The Business Owner: Harriet Hastings, Biscuiteers

The entrepreneur discusses the challenge of scaling an artisanal business and using an alternative way to reach international markets

The Business Owner: Harriet Hastings, Biscuiteers

Name: Harriet Hastings
Company: Biscuiteers
Founders: Harriet Hastings and Stevie Congdon
Location: London
Proposition: Why send flowers when you can send biscuits?

How is your business different from what’s already out there?

When we launched our business we were the first business of its kind. No one else was gifting hand-iced biscuits in this way. As the sector and the market has grown, I think what now defines us is the quality of our packaging and our designs.

How did you finance your business?

Initially, and luckily, my husband has a catering and events company which is called Lettice. As a result of that he had an industrial kitchen, so we sort of incubated biscuiteers out of his company.

What is the most important thing to keep track of in business and why?

Cashflow. I think most people would say cash, it tends to be the thing that kills small businesses. I would say, because I look after that aspect of the business, the most important thing to making a business successful is the marketing.

What is the biggest day-to-day challenge you face?

We are an artisanal business. This means that one of the big and interesting things we’re doing right now is learning how to scale what is basically a completely handmade production line. Just to get the volume that we need has been really interesting, we’ve literally had to create our own processes and equipment, because really nothing existed like this.

What marketing techniques do you use to attract new customers?

An increasingly wide range, when we started we relied quite heavily on traditional media and PR because that’s a very cost effective way to reach customers.

But as we’ve got bigger we are relying more heavily on digital marketing techniques to reach customers as well.

Do you think it’s important for small businesses to export, any tips?

I think exporting is a great opportunity for a lot of businesses, however I also think there are a lot of different ways to reach international markets and they’re not always around export. In our case we are approaching it in a slightly different way and looking at international licensing.

What’s the business app you couldn’t do without?

I think Microsoft 365 is absolutely brilliant because it just means that everybody in the team can collaborate through email and documents, and everyone can work flexibly.

Describe your company’s culture in three words:

It’s hugely creative, it’s genuinely entrepreneurial in the sense that one of the great things about running a small business is that you have the capacity to give people the ability to explore their ideas and run with them in a way that in some large businesses may not be possible. And finally, it’s pretty frenetic – the speed at which things happen is pretty fast.

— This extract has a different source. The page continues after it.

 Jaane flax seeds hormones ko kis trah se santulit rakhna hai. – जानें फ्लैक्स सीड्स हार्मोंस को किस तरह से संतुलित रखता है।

What would you like the government to do for small business?

Sort out business rates – we have been opening shops recently in London and the business rates are absolutely punitive.

Who’s your biggest small and medium enterprise hero?

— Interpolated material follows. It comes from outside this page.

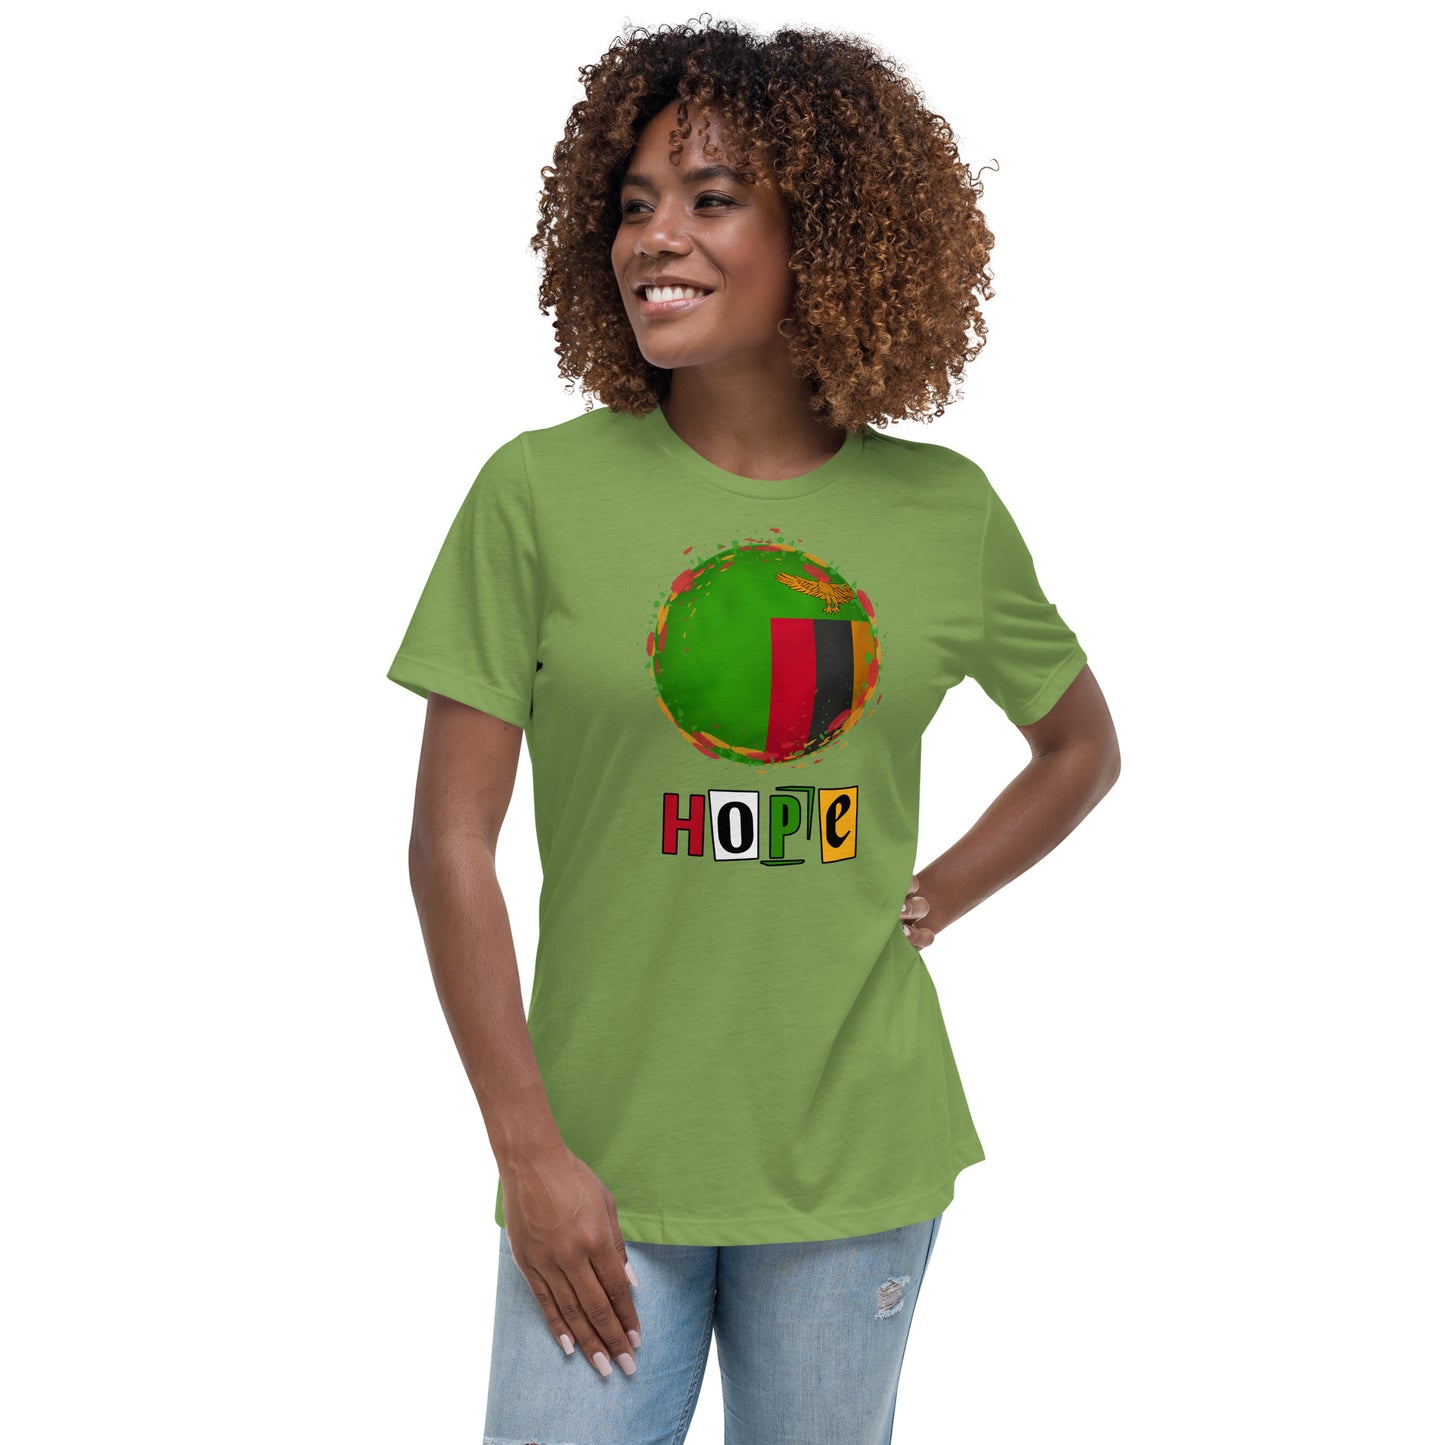 Women's Relaxed Zambia Hope T-Shirt

Chrissie Rudders, The White Company. It’s a retail business like mine, with an incredibly good concept and has been really well executed.

Where do you want the business to be in three years?

Well, bigger. We’re definitely running the business for growth. We’re building out the multi-channel concept through shops and I think in three years we would expect to have more outlets and possibly slightly different formats. We’re also considering international licensing.

What’s your top tip for keeping it lean and making profit?

I think that it’s really about scrutinising spend to some degree. It’s amazing how creative you can be with quite a small budget, and I think one of the things that happens to large businesses is that they lose sight of the ability to do that. I’m always really looking constantly into how to get more value out of the things that we’re doing – particularly in marketing.

Marketing is one of our biggest areas of expenditure, also one of the most flexible, we’re really looking at what we can do without spending money – and it’s amazing what you can do if you come at it from that sort of angle.